Northern Rockies Regional Municipality

The NRRM Responds to Provincial Commitments

The Northern Rockies Regional Municipality issued letters to Premier John Horgan [PDF - 113 KB] and Minister of Forests, Lands, Natural Resource Operations and Rural Development, Doug Donaldson [PDF - 110 KB] in response to recent comments in the Speech from the Throne and follow-up interviews.

"Government will take steps to strengthen the natural-resource sectors of our economy, including forestry, mining and energy, while supporting growing sectors, such as agriculture, manufacturing, small business, technology and tourism.

Our forest industry remains B.C.’s single largest exporter, generating thousands of jobs throughout the province. Yet it continues to face tough challenges, from beetle infestations, to trade battles, to the worst wildfire season on record. Your government believes in the future of forestry, and wants to see a strong and sustainable industry for years to come.

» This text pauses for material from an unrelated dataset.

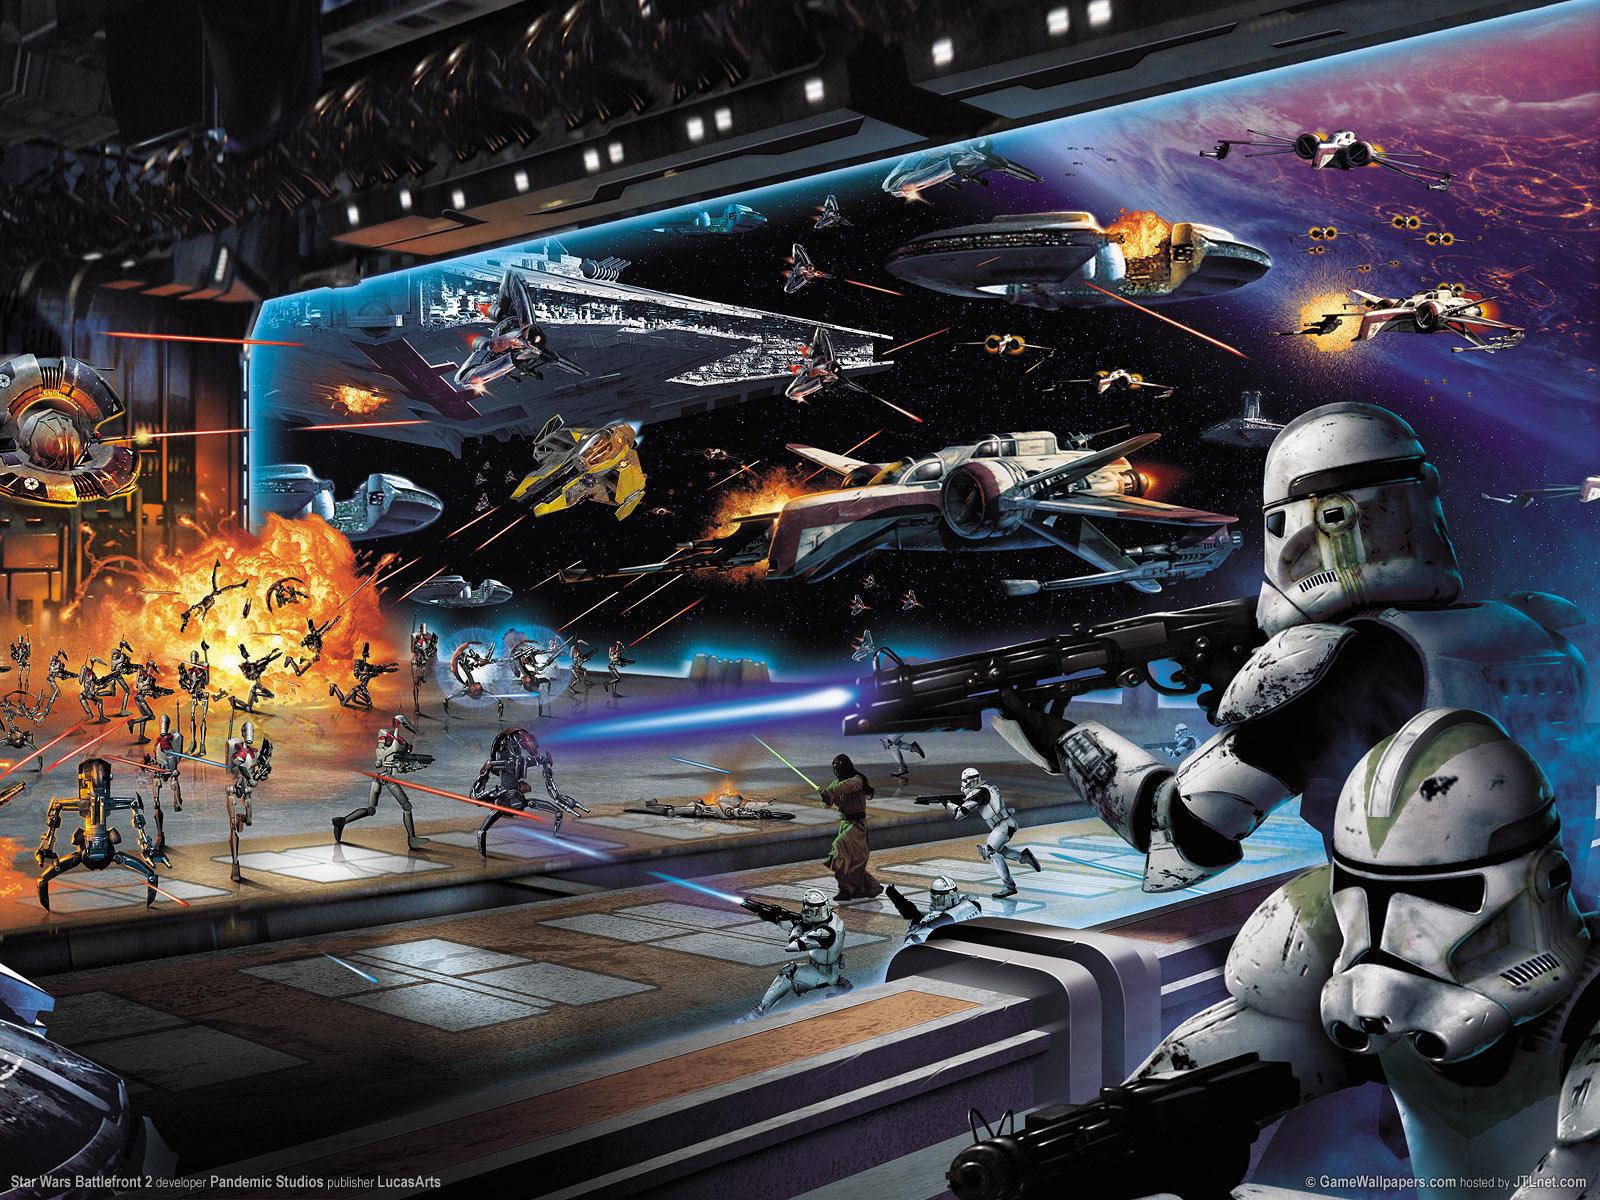 Star Wars Battlefront 2 01 1600

B.C. will continue to fight for a fair deal on softwood lumber, and seek new markets for our forest products. And government will revitalize the forest industry’s social contract with British Columbians, to ensure that the use of public timber generates good jobs in forest-dependent communities and provid fair retes aurn for the public."

- The Honourable Judith Guichon, OBC, Lieutenant-Governor: February 13, 2018 Speech from the Throne

The B.C. NDP’s latest speech from the throne and budget painted rural communities and resource development in few broad strokes, but Premier John Horgan followed it up by noting one important change coming to forestry rules in the province.

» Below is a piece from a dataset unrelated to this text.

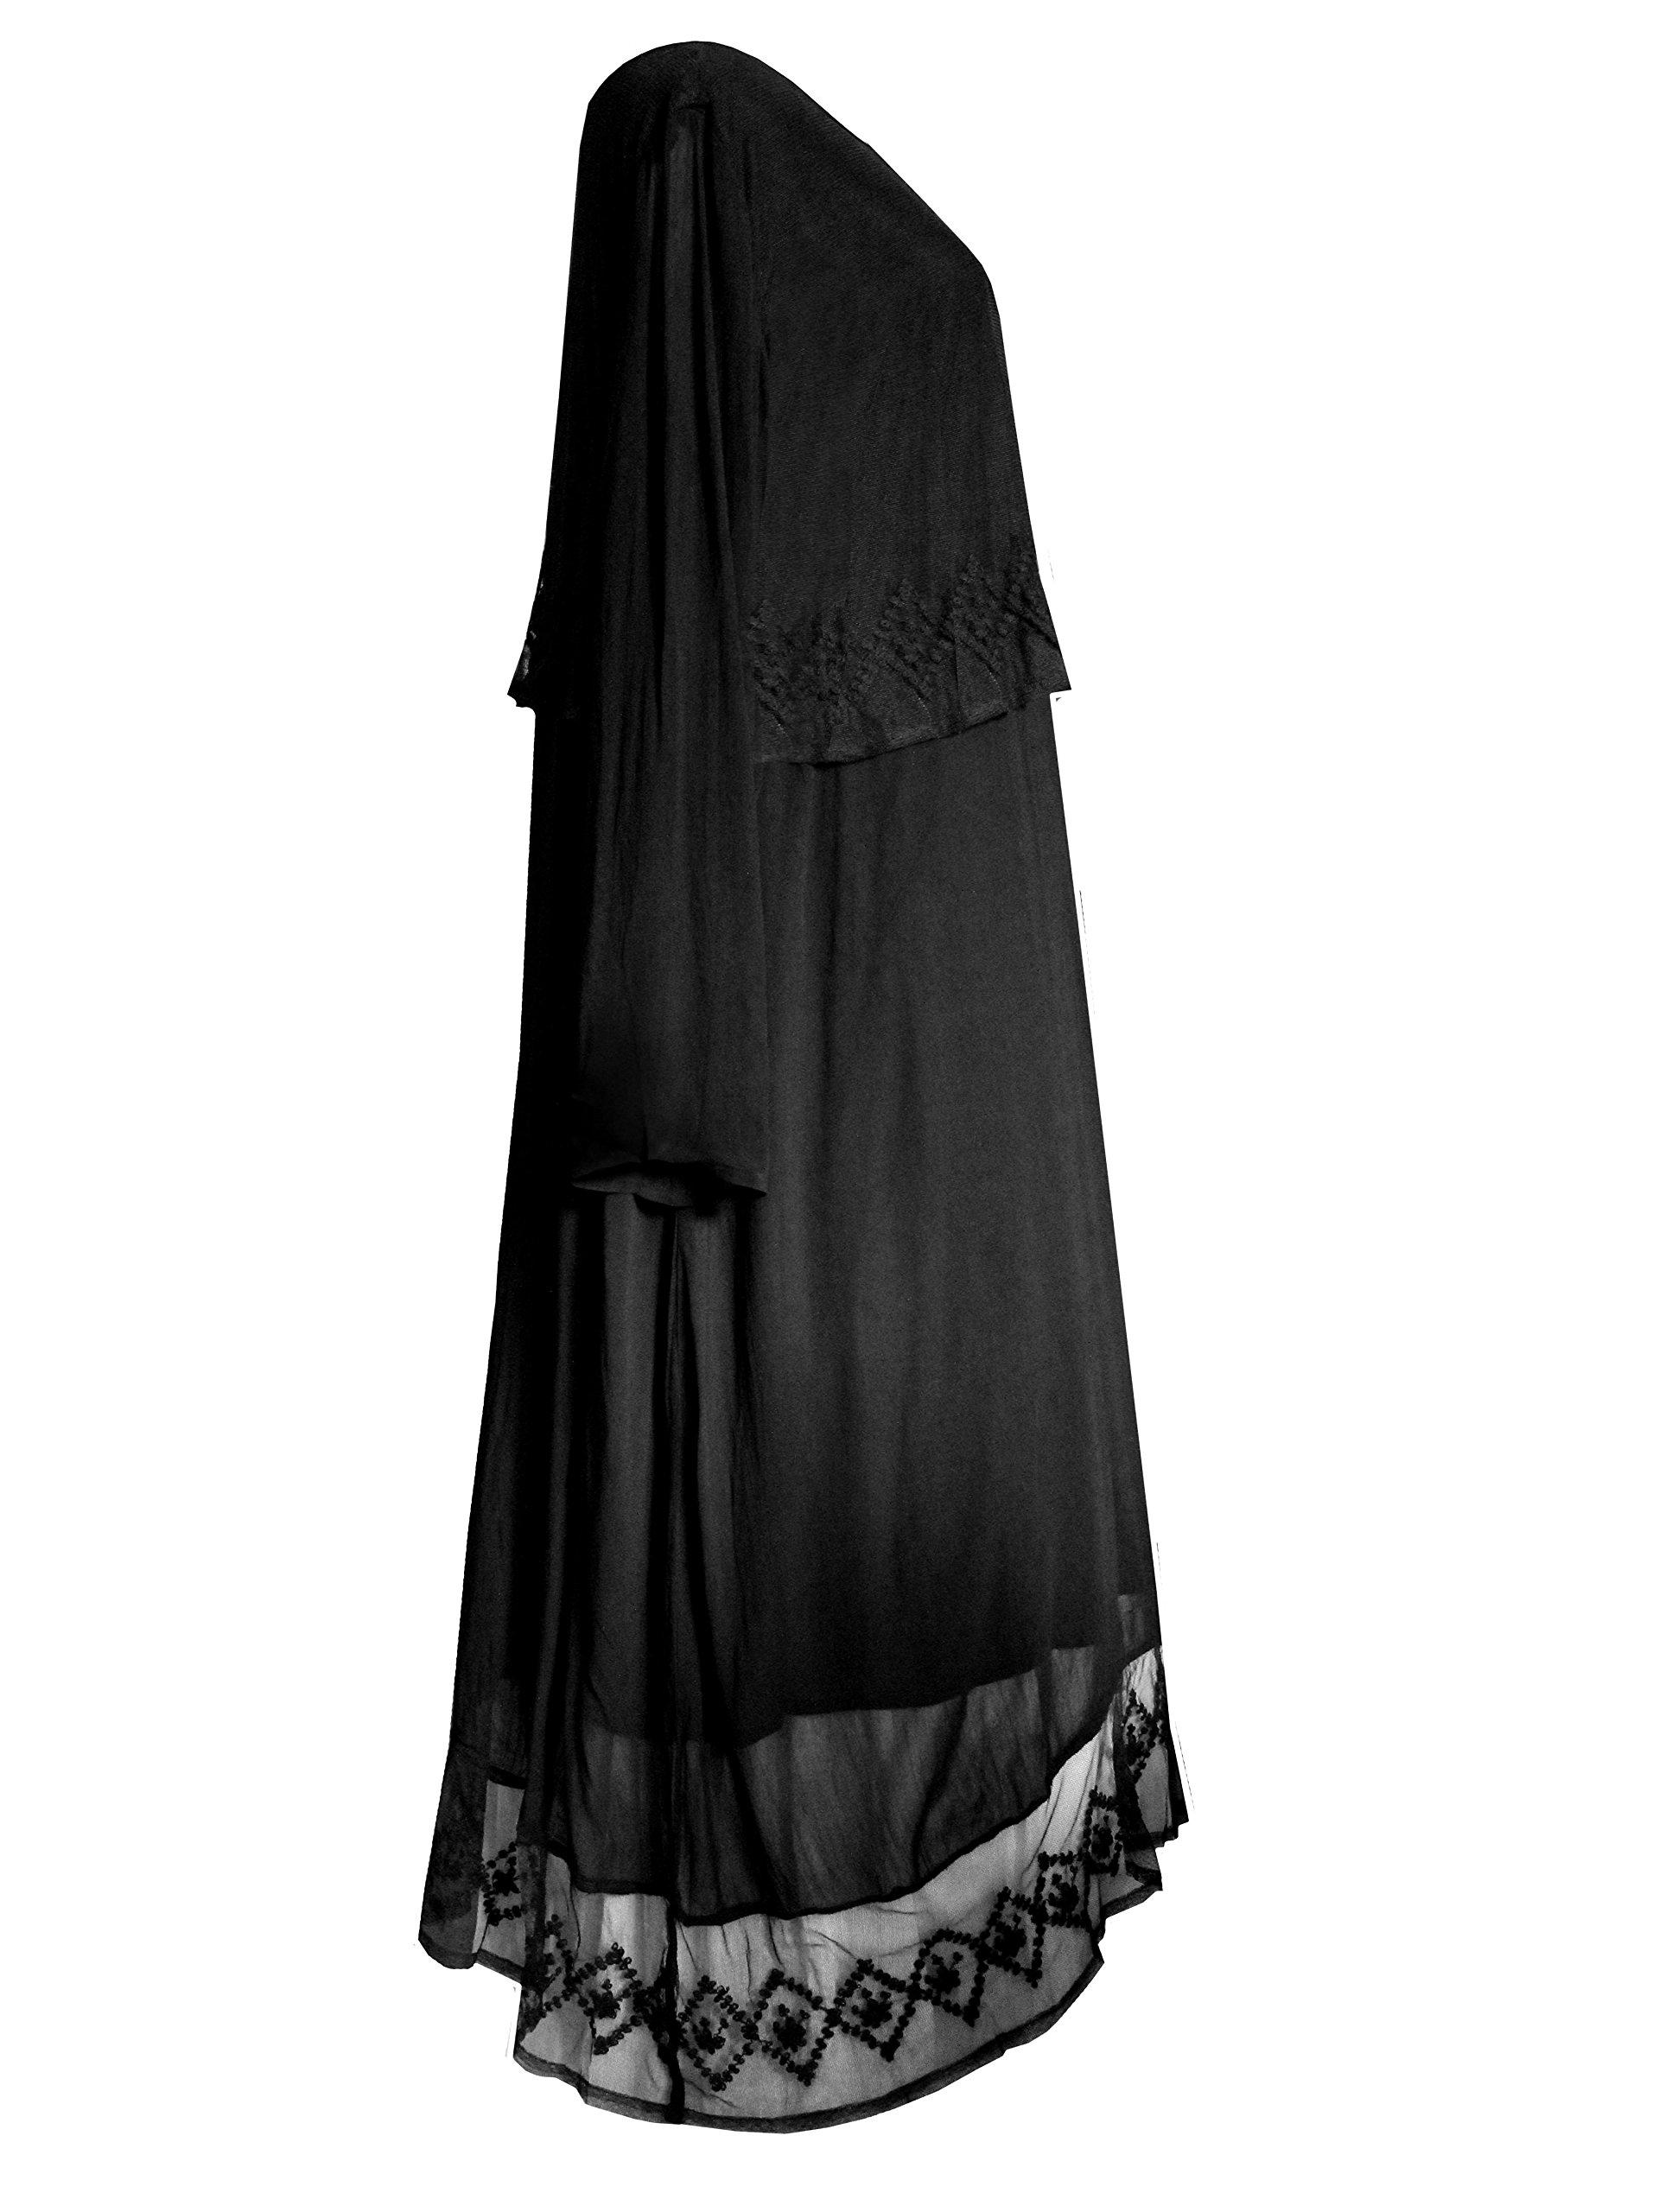 Funhouse Victorian Valentine Gothic Steampunk Juliet Renaissance Dress Black L XL 1X 4

Horgan says his government plans to restore appurtenancy rules that tie timber harvests to processing at local mills. The rules were eliminated by the B.C. Liberals in the early 2000s and devastated economies in forestry dependent communities in rural B.C., including Fort Nelson, as mills shut down and processing went elsewhere deemed more profitable. Restoring the rules is part of a move to “revitalize the forest industry’s social contract with British Columbians," the government noted in its throne speech.